--- DATA SHOWN ---
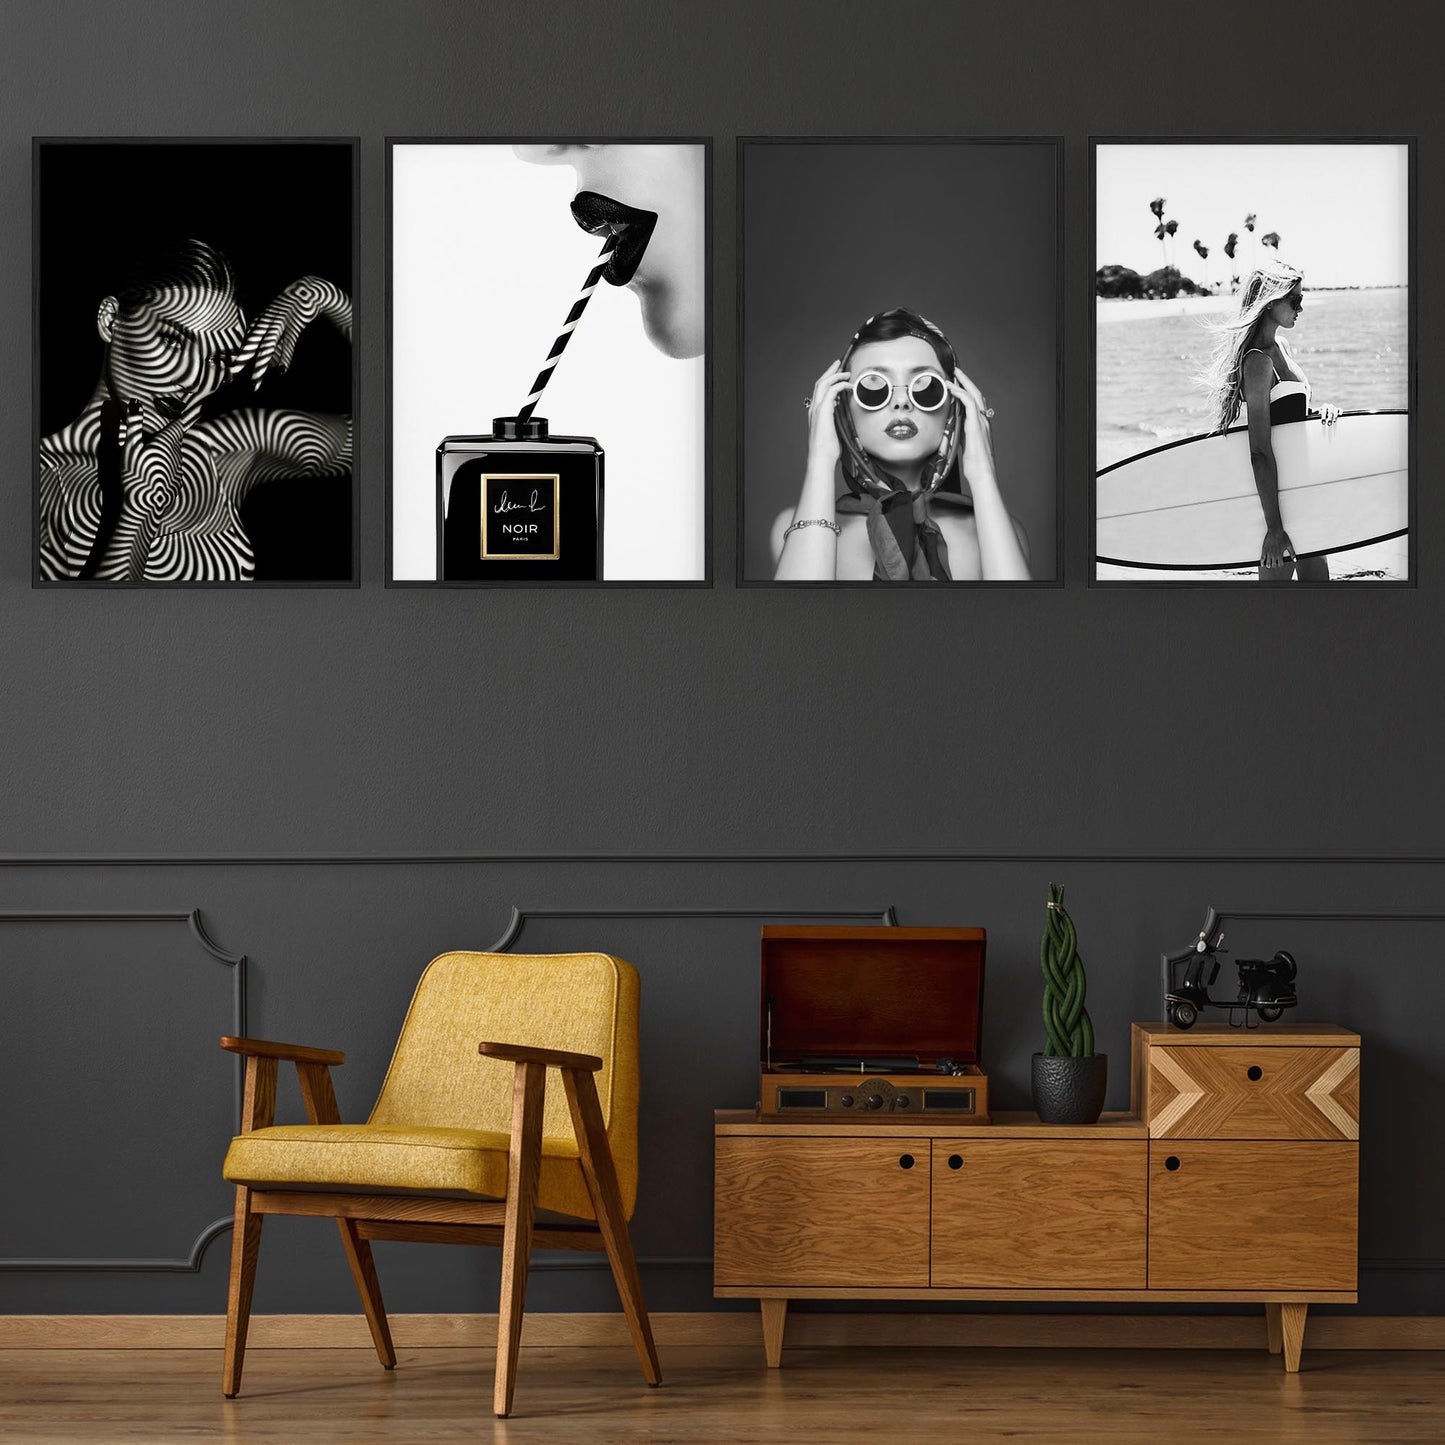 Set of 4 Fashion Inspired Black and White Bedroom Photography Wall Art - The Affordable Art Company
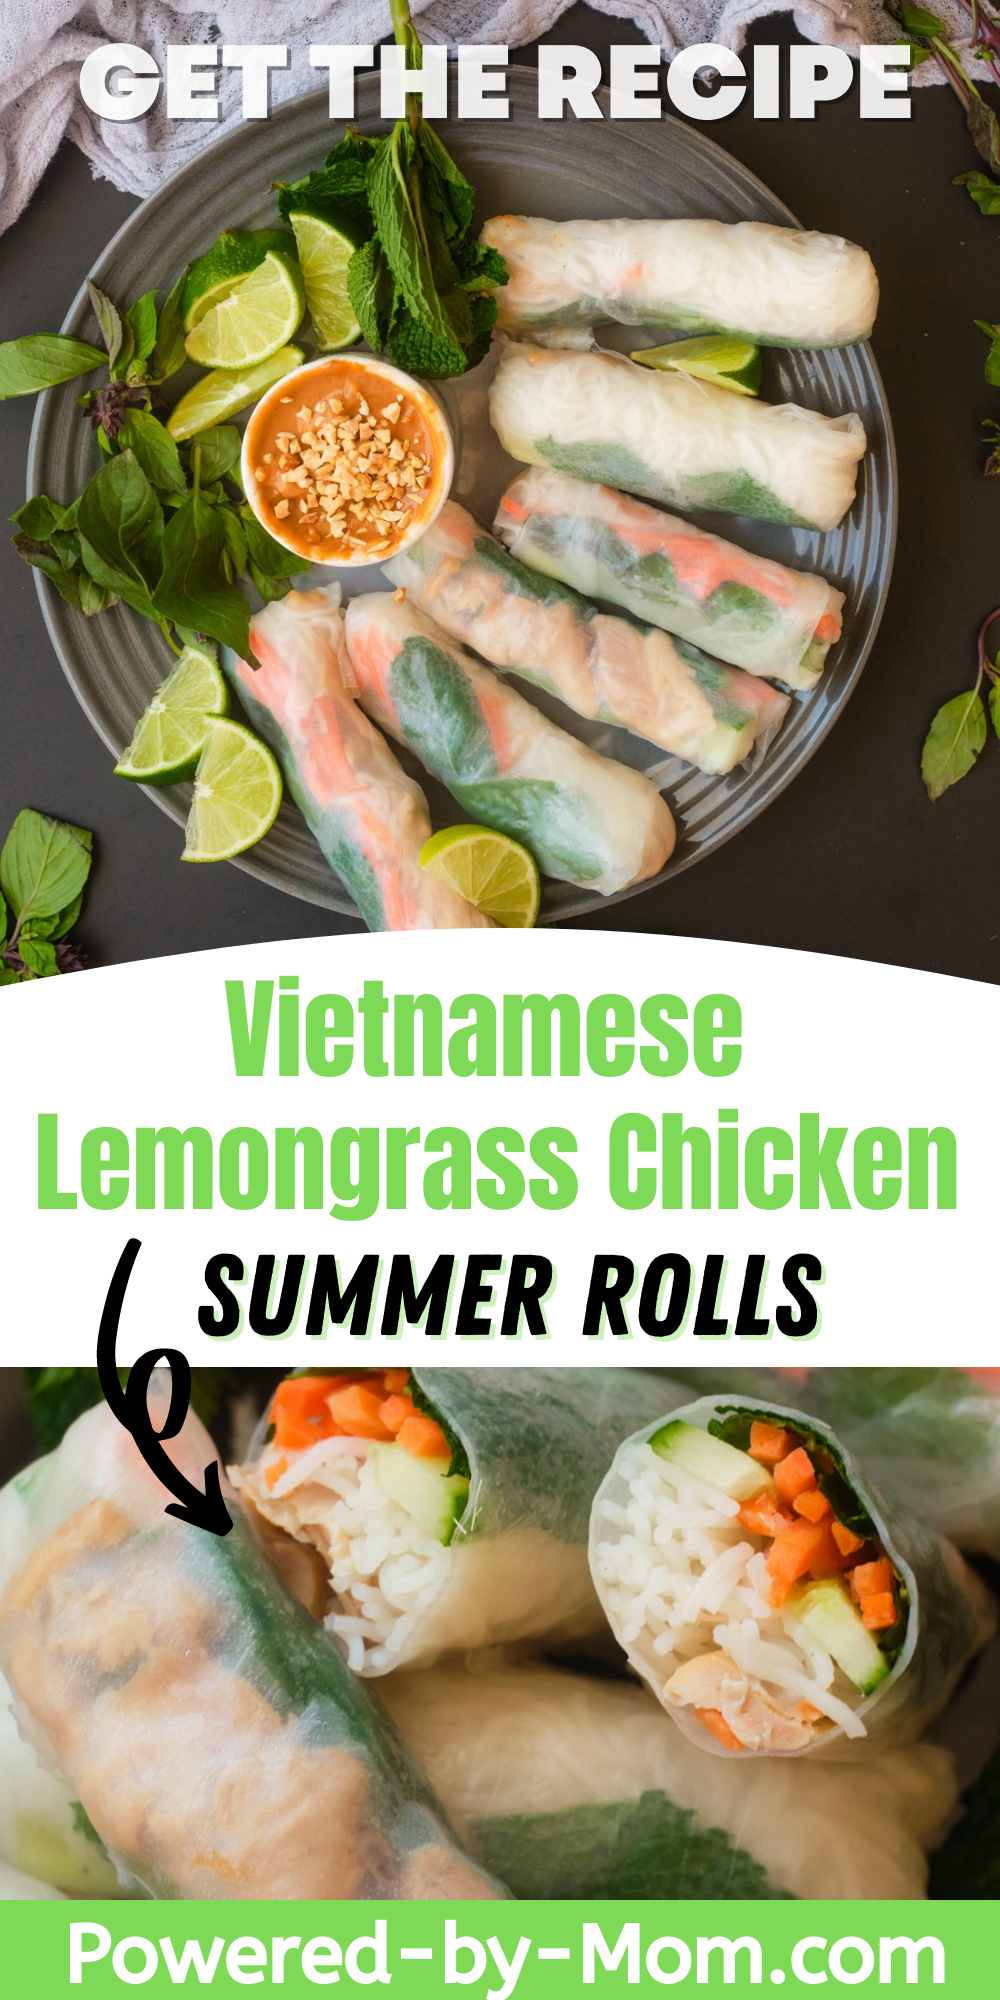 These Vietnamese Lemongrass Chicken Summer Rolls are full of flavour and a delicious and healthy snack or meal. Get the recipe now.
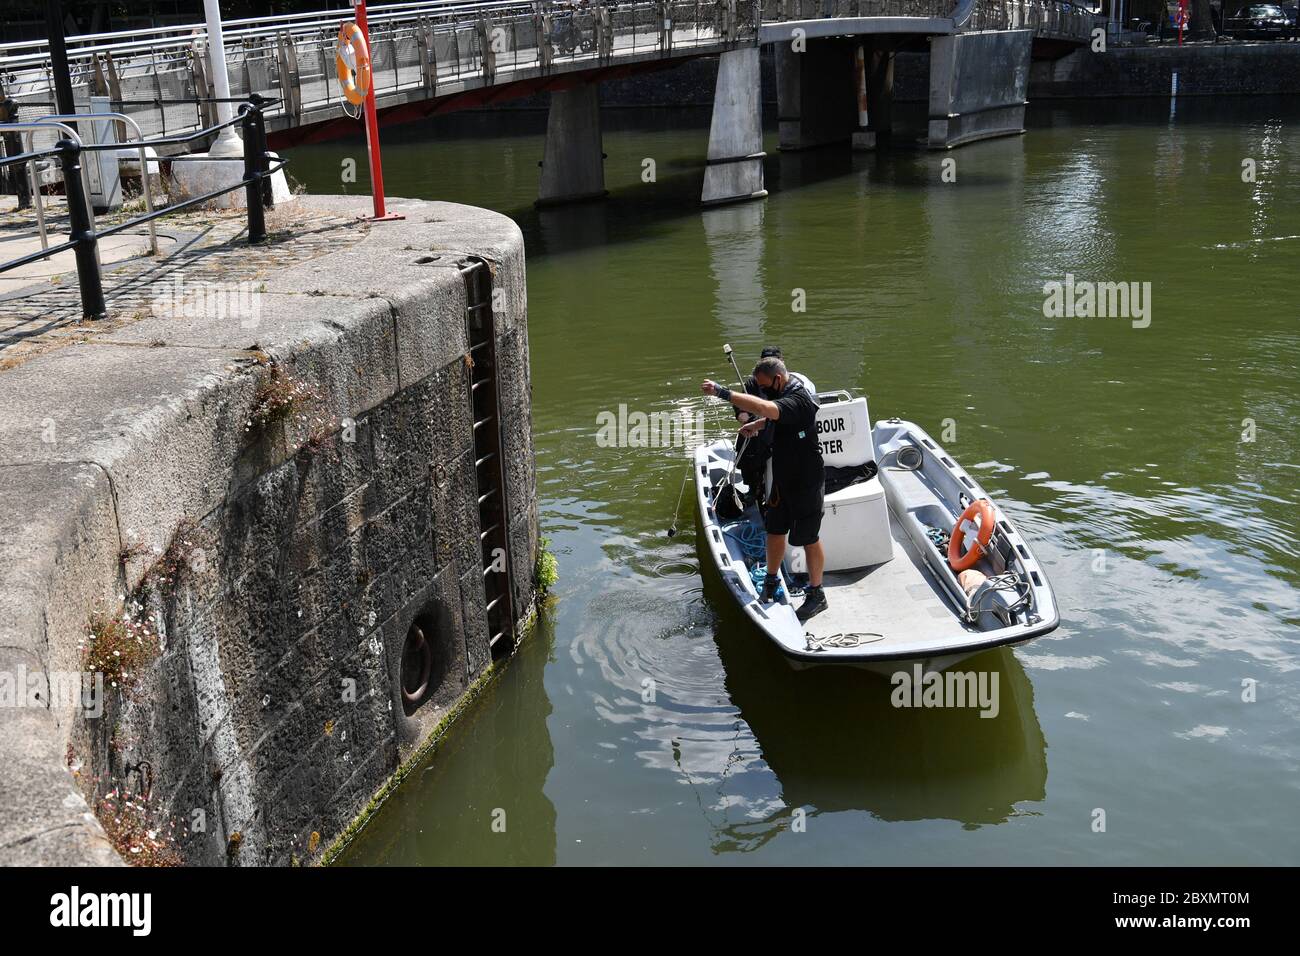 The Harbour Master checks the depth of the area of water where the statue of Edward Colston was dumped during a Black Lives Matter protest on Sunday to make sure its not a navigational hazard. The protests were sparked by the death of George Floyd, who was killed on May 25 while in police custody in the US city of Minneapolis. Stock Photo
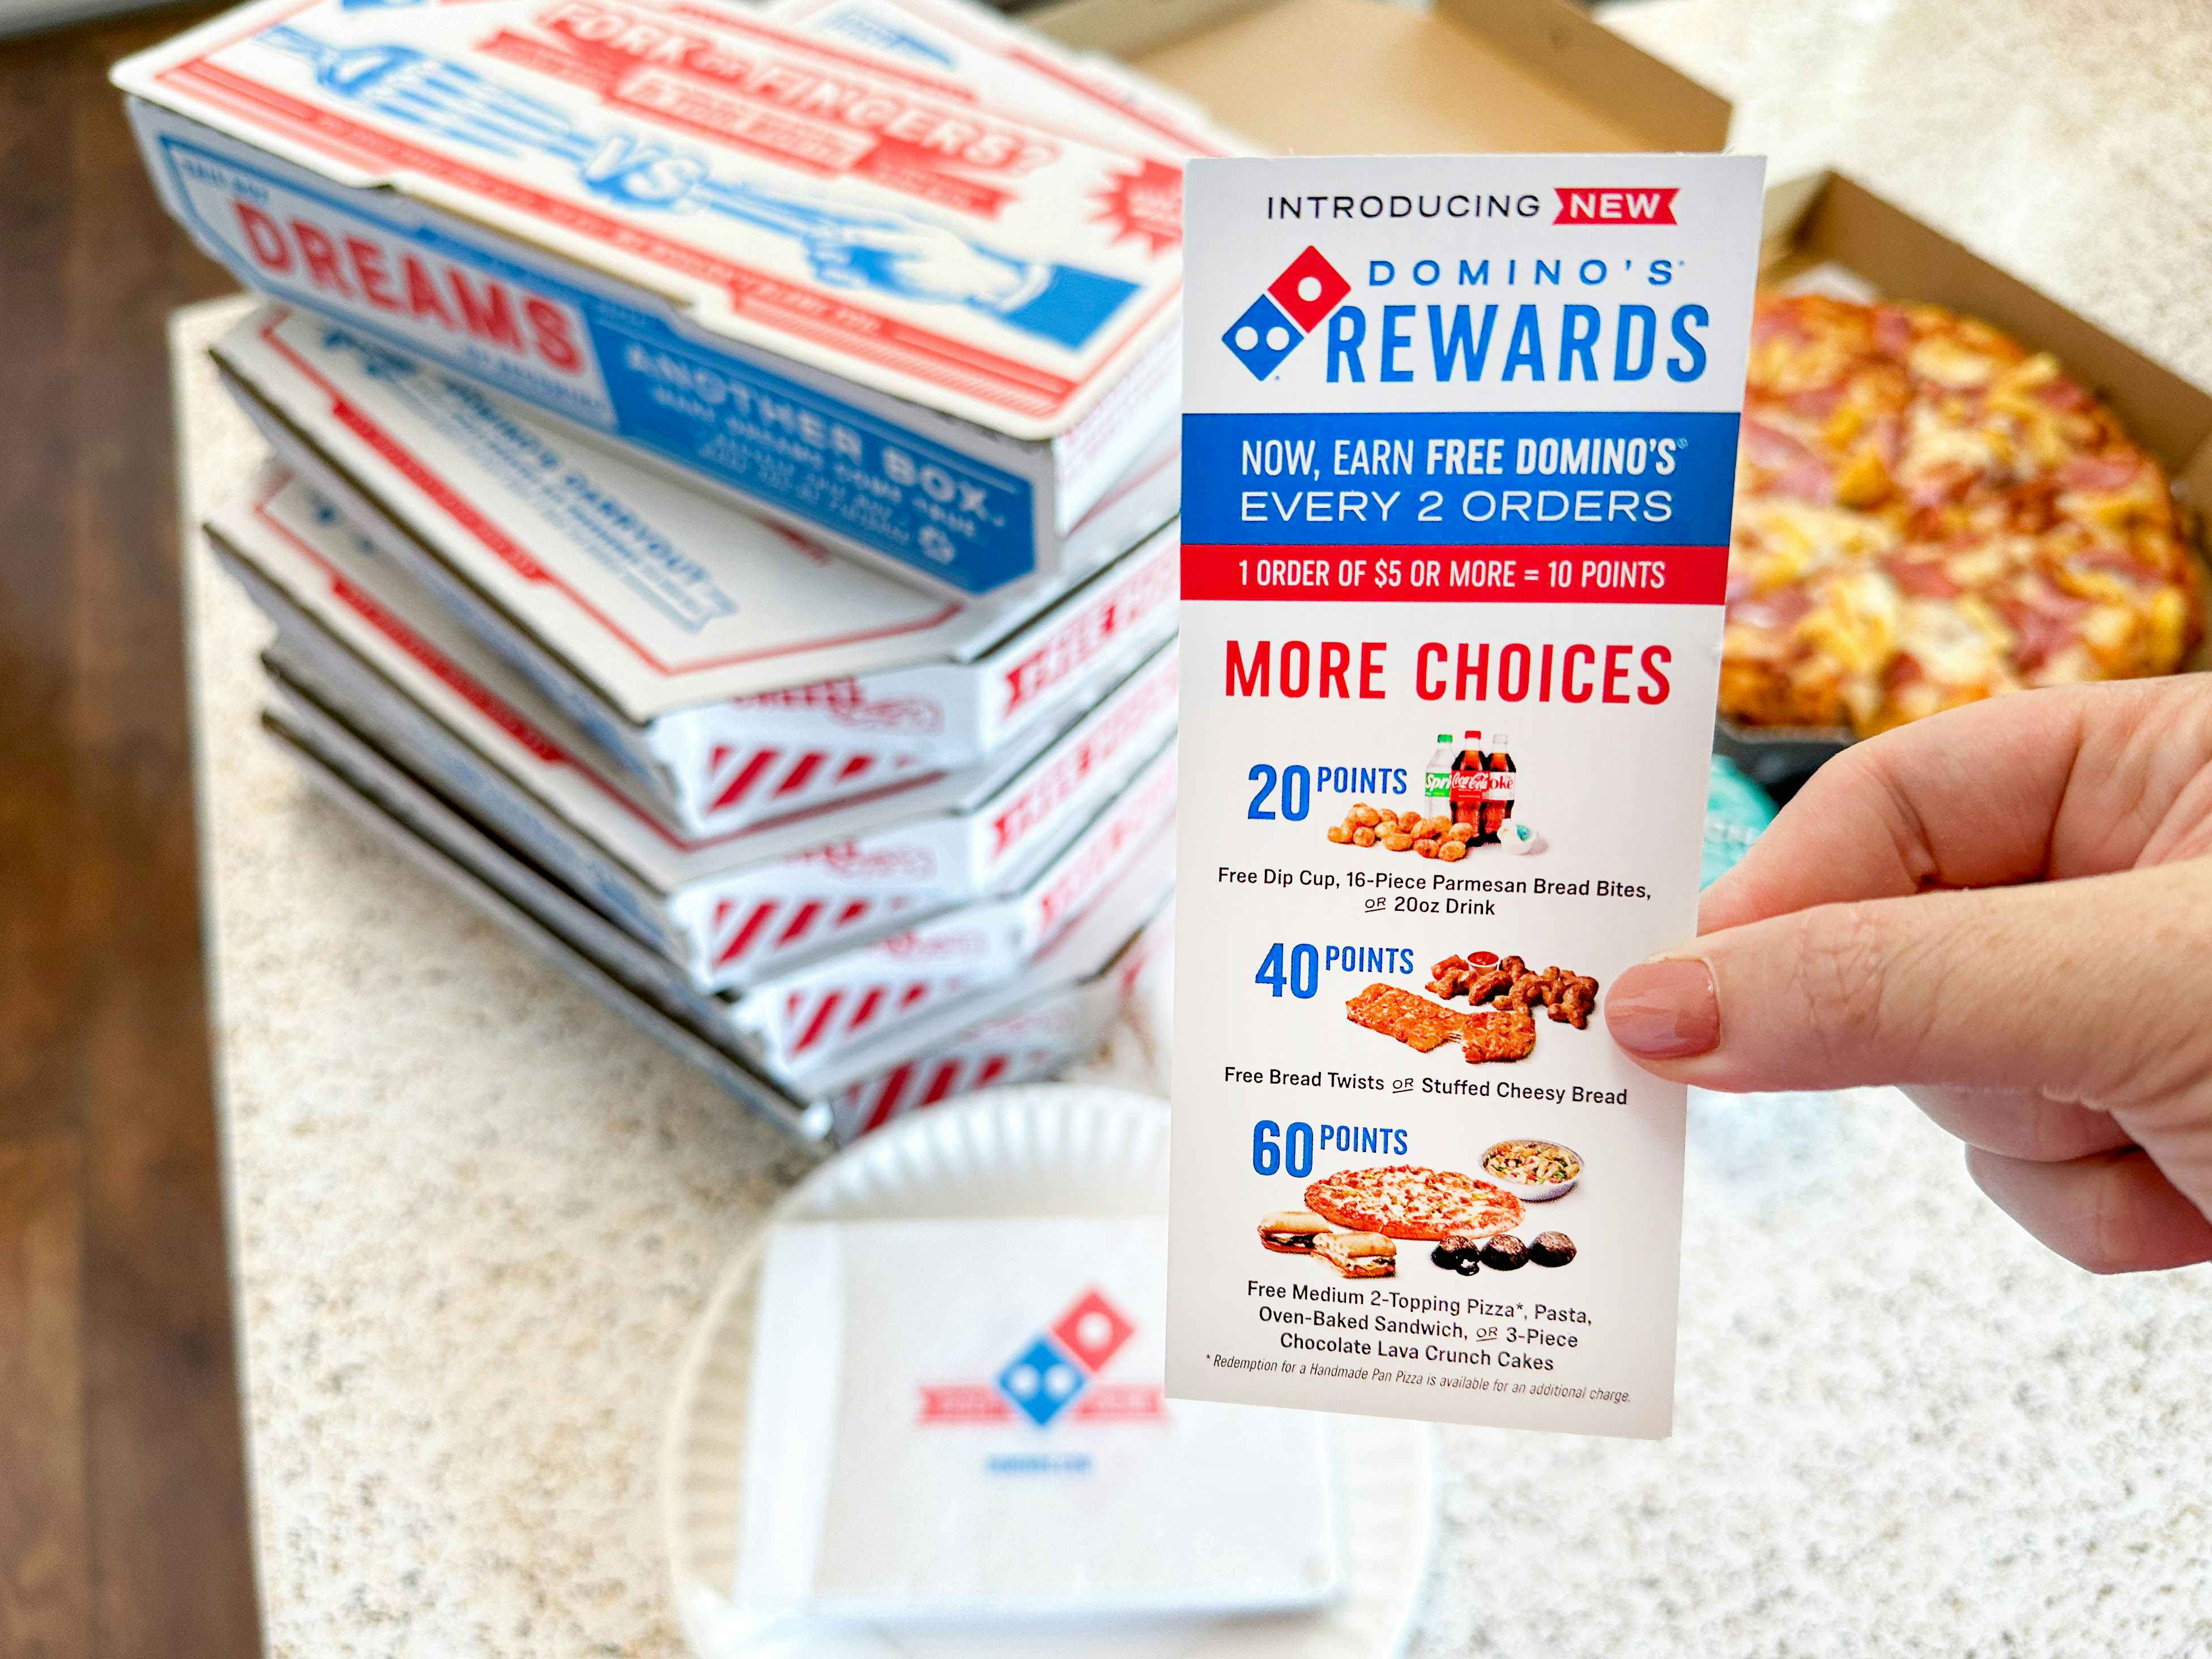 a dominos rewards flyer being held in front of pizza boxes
---
[WORK TASK]: Transcribe all of the material exactly, leaving out whatever pictures it contains.

[THE ANSWER]:
 Set of 4 Fashion Inspired Black and White Bedroom Photography Wall Art - The Affordable Art Company
 These Vietnamese Lemongrass Chicken Summer Rolls are full of flavour and a delicious and healthy snack or meal. Get the recipe now.
 The Harbour Master checks the depth of the area of water where the statue of Edward Colston was dumped during a Black Lives Matter protest on Sunday to make sure its not a navigational hazard. The protests were sparked by the death of George Floyd, who was killed on May 25 while in police custody in the US city of Minneapolis. Stock Photo
 a dominos rewards flyer being held in front of pizza boxes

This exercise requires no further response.